What the online hate-sphere in India can teach us

25 February 2021 DOS Distinguished Speaker Lecture

Speaker: Prof Shakuntala Banaji, London School of Economics and Political Science

Is ‘social media hate’ something technology or tech policy can fix? Prof Banaji discusses violent misinformation and those who forward it.

Historically, mainstream media has been used to embed propaganda and ideological contentions that have led to pogroms, genocide and even the holocaust. As the spread of visual and verbal hate propaganda around Muslims and migrants and the domestication of new technologies is implicated in events such as discriminatory misinformation, lynching, mobs, the acquittal of guilty police murderers, mass shootings and movements against democracy, questions abound about the ways in which social media imaginaries of hate for the “other” form, circulate and proliferate. Is ‘social media hate’ something that technology alone can fix? Is it something that tech policies on acceptable speech can fix? Some scholars are content to assume that a few malign non-state actors are shaping a generally pro-democratic media and social media sphere. Others go further and accuse less digitally literate rural users and profit-oriented platforms of doing most damage.
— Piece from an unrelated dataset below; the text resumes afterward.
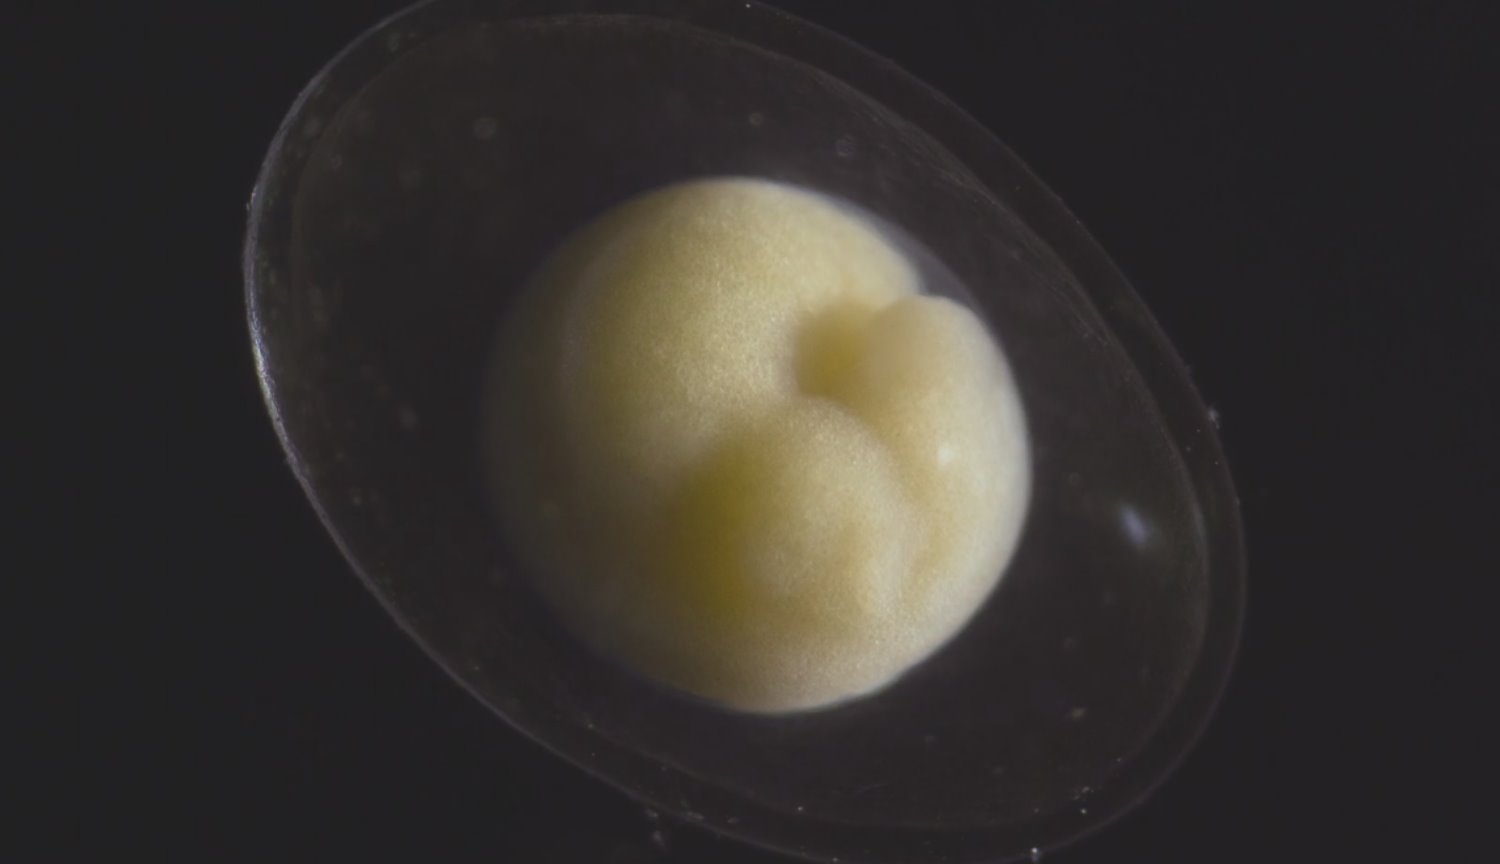 #vídeo | Como um minúsculo embrião se transforma em um lindo organismo vivo?
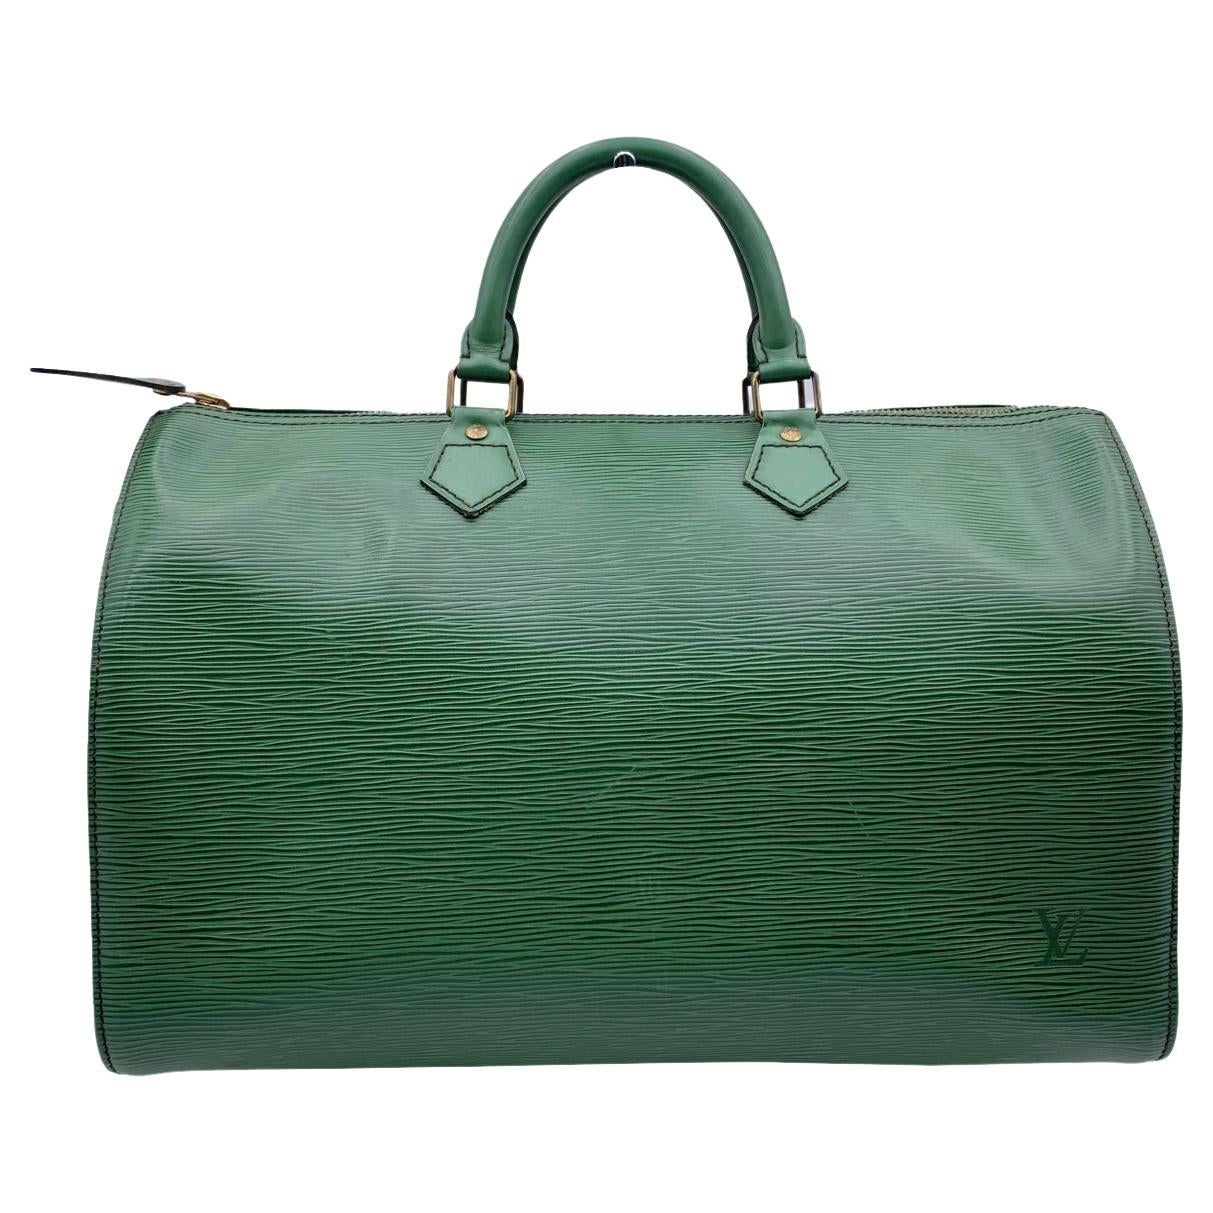 Louis Vuitton Vintage Green Epi Leather Speedy 35 Boston Bag Handbag

In examining assumptions about the role of platform technologies and media literacy in discrimination and violence targeted at minoritized groups, I will attempt to present a typology of contextually based social media misinformation circulating in India, and use examples from my recent research on cultures of Hindutva fascism to examine the kinds of conclusions that can be drawn about the psychosocial profile and milieu of those who make up, receive and forward violent and hateful misinformation and disinformation on and offline. The talk will close with policy and political suggestions aimed at intervention and prevention.

About

Shakuntala Banaji

Shakuntala Banaji is Professor of Media Culture and Social Change in the department of Media and Communications at the London School of Economics and Political Science. Her current research addresses the intersection between socio-political contexts, media, identities and participation. She has led several large multi-country projects on young people, media, new technologies, schooling and democratic participation. She received one of the WhatsApp Misinformation and Social Science Research Awards for investigating the spread of mediated misinformation amongst publics in India (2018-2020). Her co-edited book Youth Active Citizenship Across Europe: Ethnographies of Participation was out with Palgrave in 2020, and she is co-authoring a new book on Social Media and Hate which is under contract with Routledge for publication in 2022.